Table 1 summarises several relevant articles and research papers on review analysis.
Methodology
The block diagram of the overall methodology used for sentiment detection in reviews is shown in Figure 1. Three major steps are taken in order to detect sentiment in reviews: 1. Data pre-processing, 2. Word embedding, and 3. Models employed.

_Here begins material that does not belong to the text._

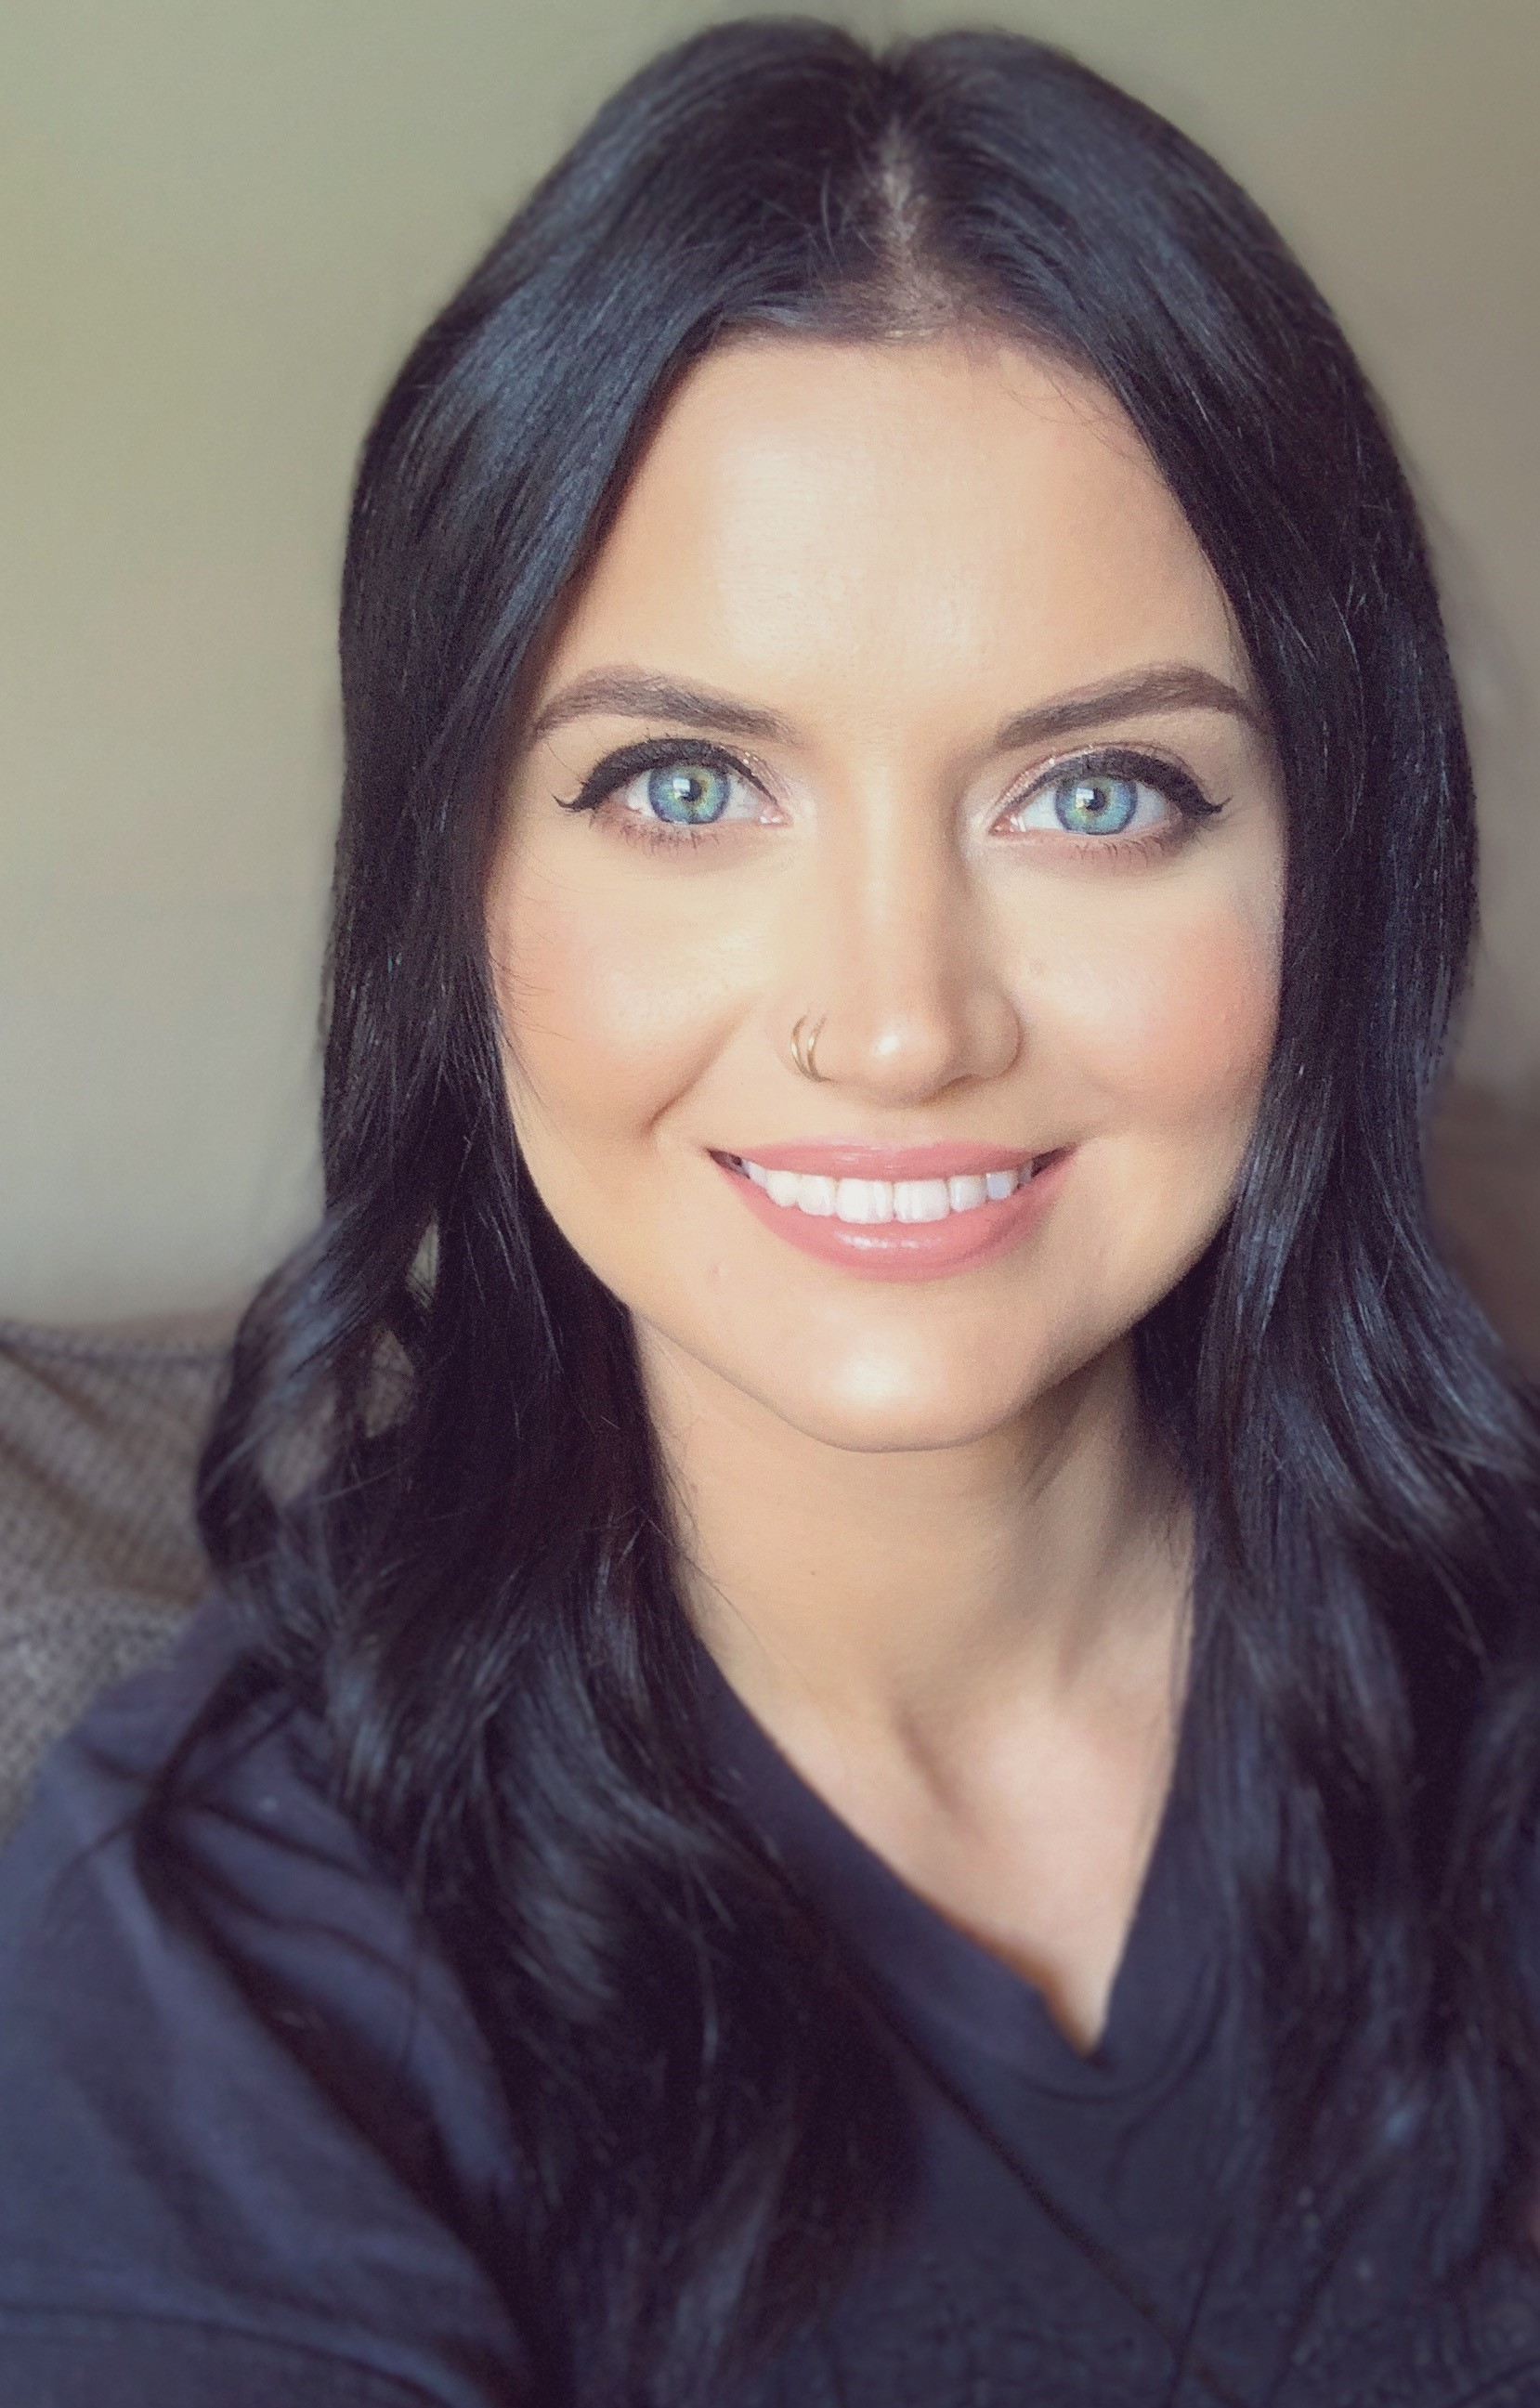 Paige Hovey

Steps involved in sentiment analysis of reviews.
Pre-processing of data
Data mining is essential in NLP, and data pre-processing is crucial in model construction. Pre-processing data removes ambiguity and redundancy. To implement machine learning and deep learning algorithms, NLP requires specific text input pre-processing. Various methods are used to convert textual data into a format suitable for modeling. Data pre-processing techniques are critical in designing an NLP model that focuses only on the important parts of the text. The following are the fundamental pre-processing techniques:
Punctuation removal
Commas and other punctuation may not be necessary for understanding the sentence’s meaning, so they are removed.
Stop words removal
Stops Words (Words that connect other words and don’t provide a wider context) can be ignored and screened from the text as they are more standard and contain less useful knowledge. For example, conjunctions like ‘and’, ‘or’ and ‘but’, prepositions like ‘in’, ‘of’, ‘to’, ‘from’, and many others like the articles like ‘a’, ‘an’, and ‘the’.
Lemmatization
The process of grouping related word forms that are from the exact words is known as Lemmatization, and with Lemmatization, we analyze those words as a single word.
Word embedding
The pre-processed data is now used for creating bag of word vectors by using different word embedding techniques namely, (i) Bidirectional Encoder Representations from Transformers (BERT), (ii) Embedding from Language Model (ELMo), (iii) Global Vectors for Word Representations (GloVe) and (iv) FASTTEXT.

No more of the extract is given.